The Quilotoa crater lake itself is stunning and the hike down is steep, but worth it. There are horses available if you can't face the climb back up. However, what made the trip there really worth while for me is the countryside you see on the way. The Tigua paintings and the sagas they describe (such as the one about the condor, child of Pachamama) are fascinating and the indigenous villages along the way between Latacunga and Quilotoa, such as Zumbahua and Pujilli, are great to visit as well. When we were in Zumbahua, there was a monthly fiesta in full swing, complete with bands etc. Delightful! The rooms at the Hostal Chukirawa are simple but comfortable enough and the room rate (about $20 pp, not per room) includes breakfast and dinner and complimentary tea.
Beautiful views. Be prepared by working out in advance and give yourself time to get acclimated to the altitude.
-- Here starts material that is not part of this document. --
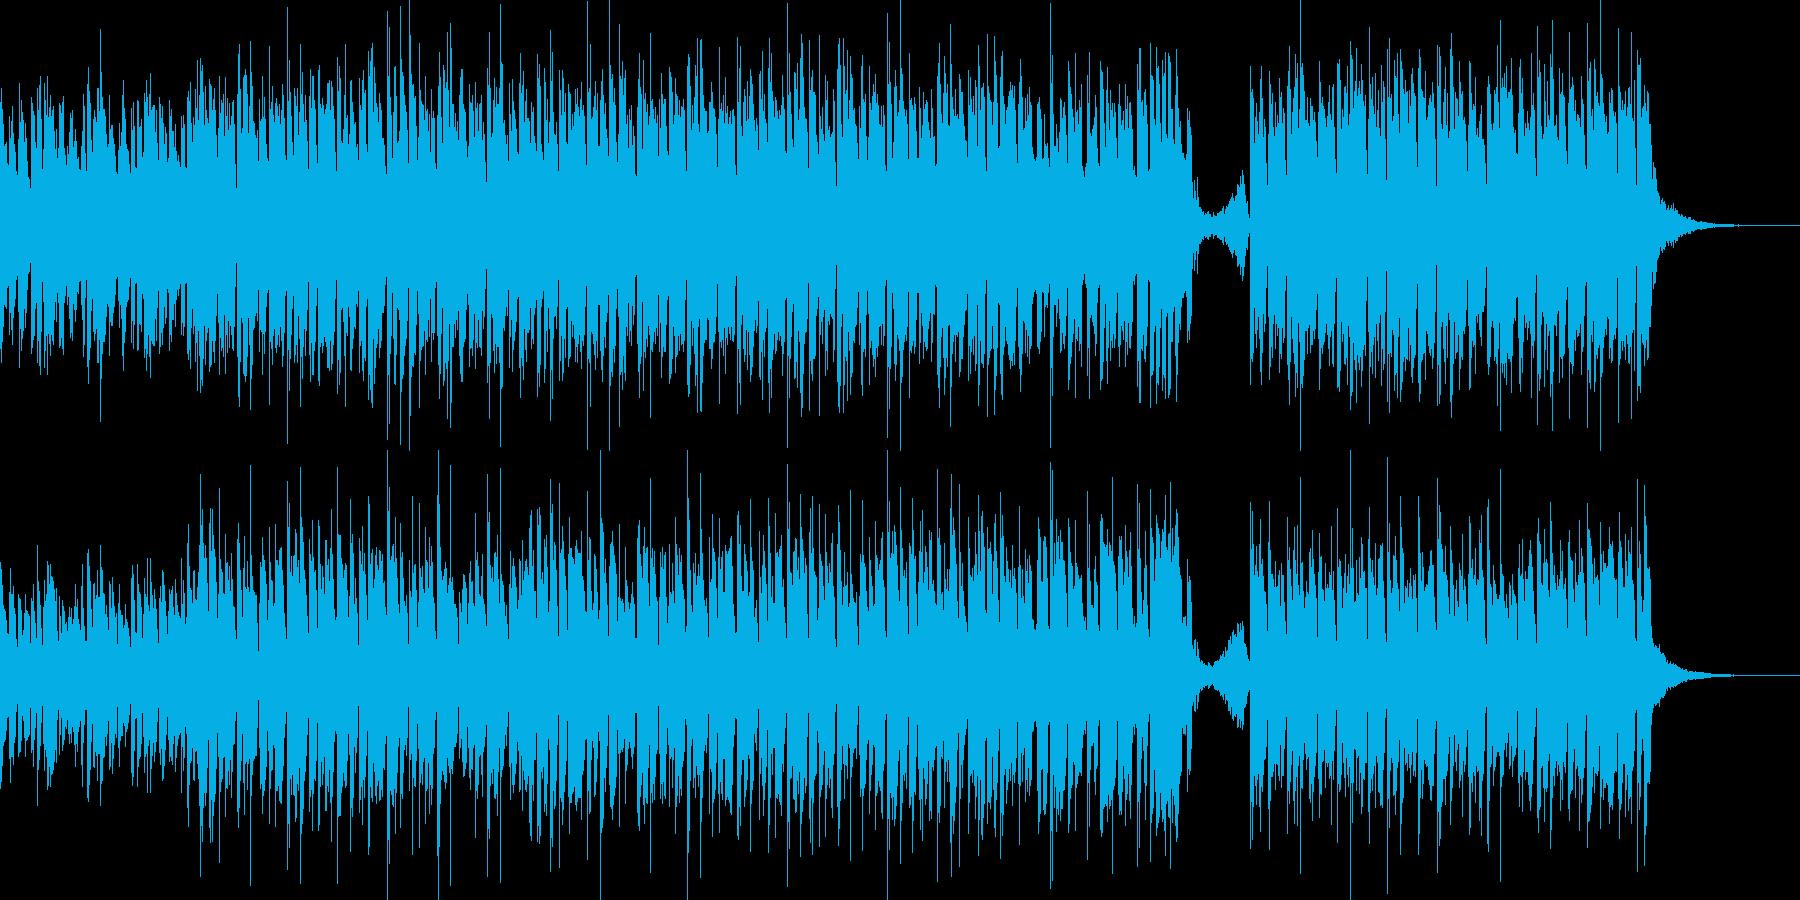 ポップな打ち込みEDMの再生済みの波形
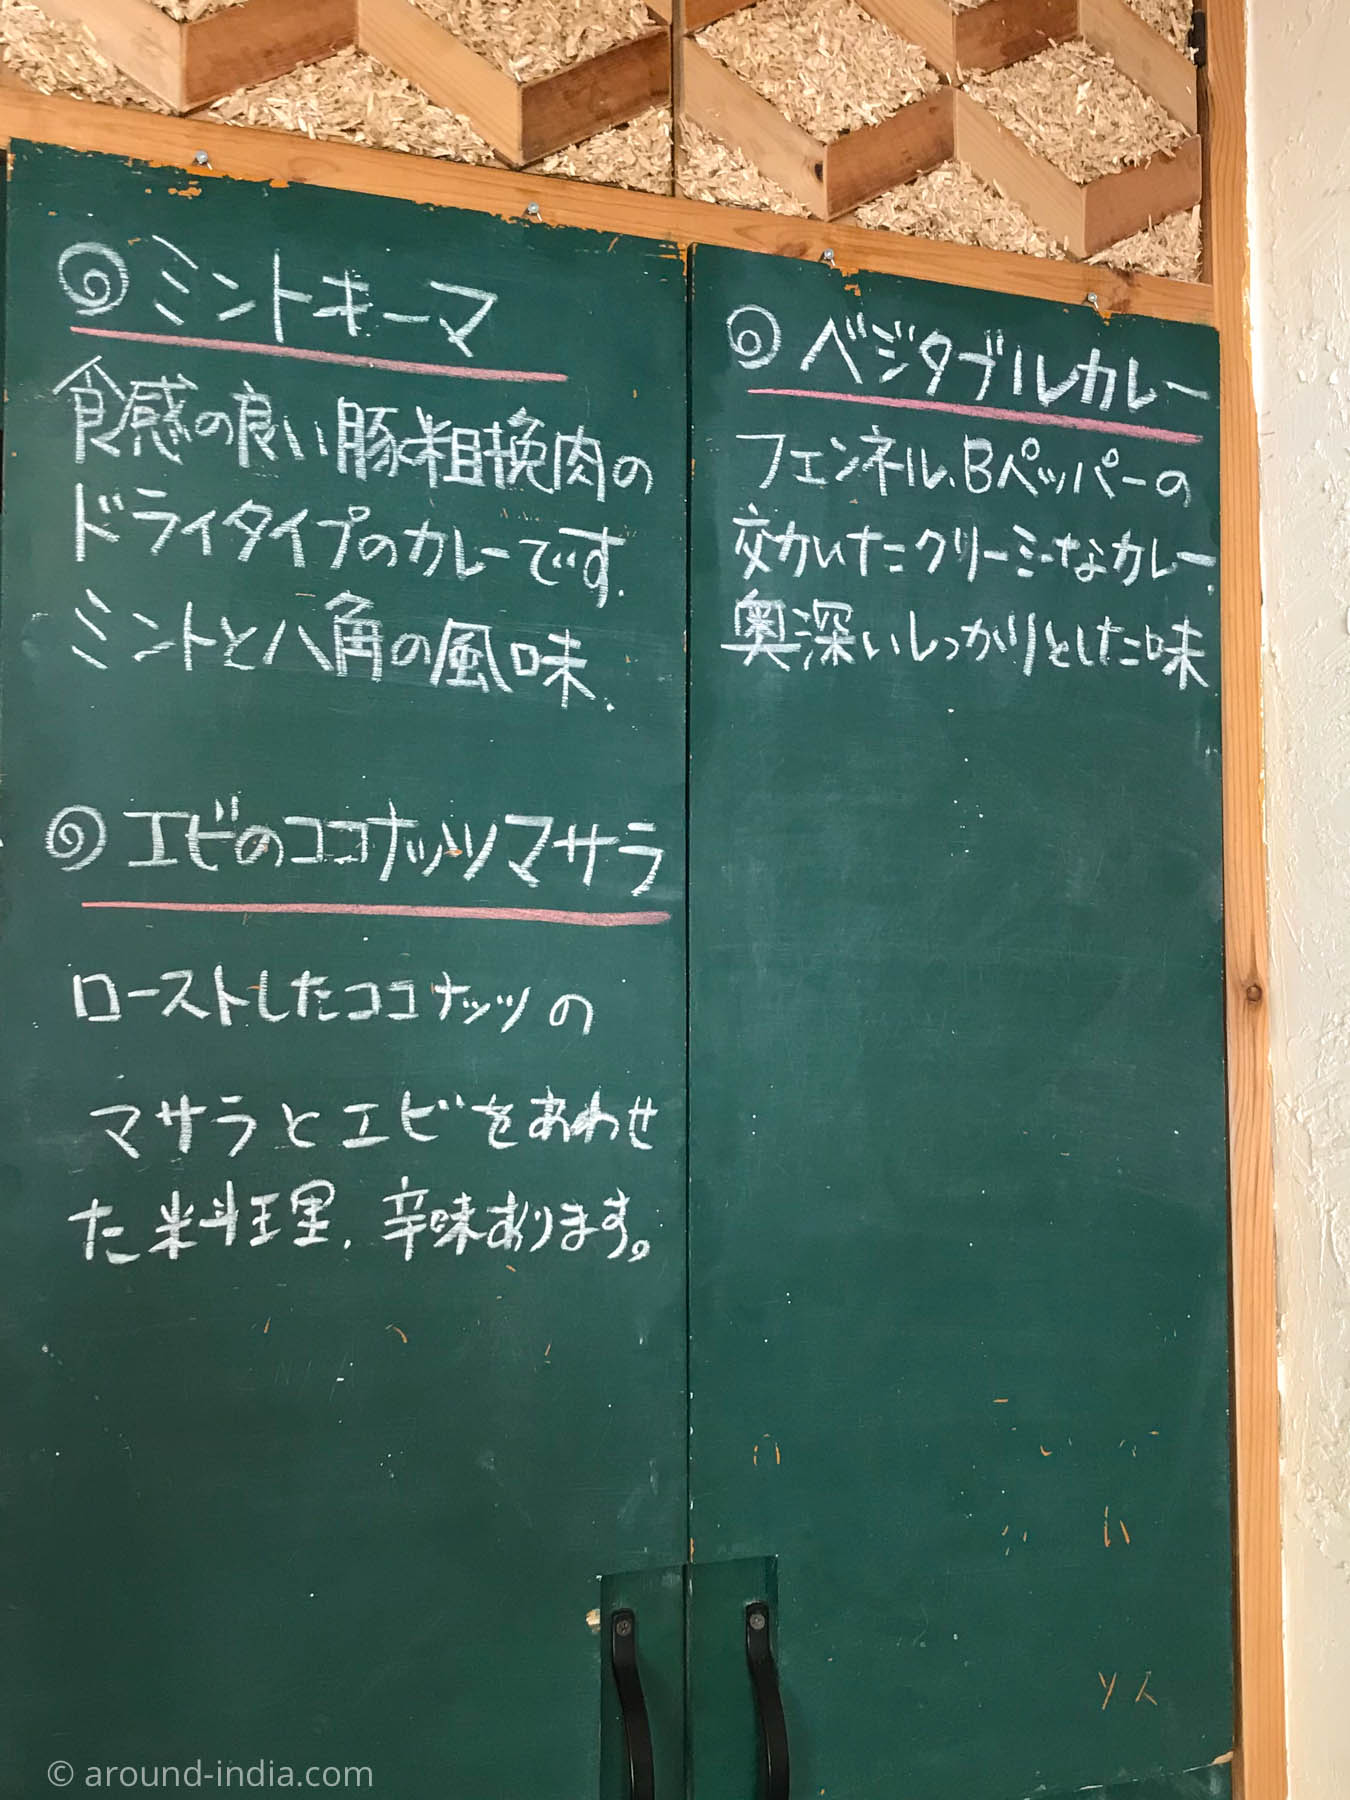 鎌倉バワン1月31日のメニュー

We had planned to spend 2, maybe 3 days on the loop, staying in Quilotoa and Chugchilan. From Latacunga we got a bus to Zumbahua and a truck from there to Quilotoa. The disappointment started with the truck ride - after agreeing a price of $5 total, the driver demanded $6 when we got to Quilotoa. Not a big difference but it was the principal and the rudeness that annoyed us. We ended up staying at Hostal Cabanas/Alpaka - check out the reviews for this place (two names but one hostel) - but the short story is that it was extremely expensive, very unwelcoming, and left us with a bitter taste about staying in Quilotoa.The lagoon itself is beautiful, although can be tricky to see - it was completely clouded over all afternoon when we first arrived, and although we saw it the next morning in all its glory, the clouds came in again pretty quickly. We had planned to make it to Chugchilan, but after spending one night in Quilotoa we decided to call it quits and head back to Latacunga. The landscape in this region is beautiful and it was definitely an experience seeing the way people live there, but for us the negatives outweighed the positives. Quilotoa village is tiny and pretty rundown, and they charge you $2 each just to get into the place. The people were very unfriendly and we certainly didn't feel welcome. The other problem was that everyone was out to get money from us - the accommodation options are all expensive ($15 - $50 for a private room compared to $8-$10 most other places in Ecuador), truck drivers try to overcharge, and even buying basics like water or snacks is much more expensive than anywhere else. We live in Ecuador, speak Spanish, and know what to expect in terms of prices and quality, and Quilotoa was much more expensive than anywhere else we know. As a result of all these things, we decided not to continue on the loop, as it felt very isolated and from reading the guide books, food and accommodation were going to be pretty expensive at all stages of the loop. If we were to do it again, we would pay for an organised tour, or be prepared to get up early and see the lagoon as a day trip from Latacunga. One thing we enjoyed was the market at Zumbahua on our way back to Latacunga - great to have a wander around and also to buy alpaca clothing, which was cheaper there than in most other places. So if you're passing through on a Saturday, check it out.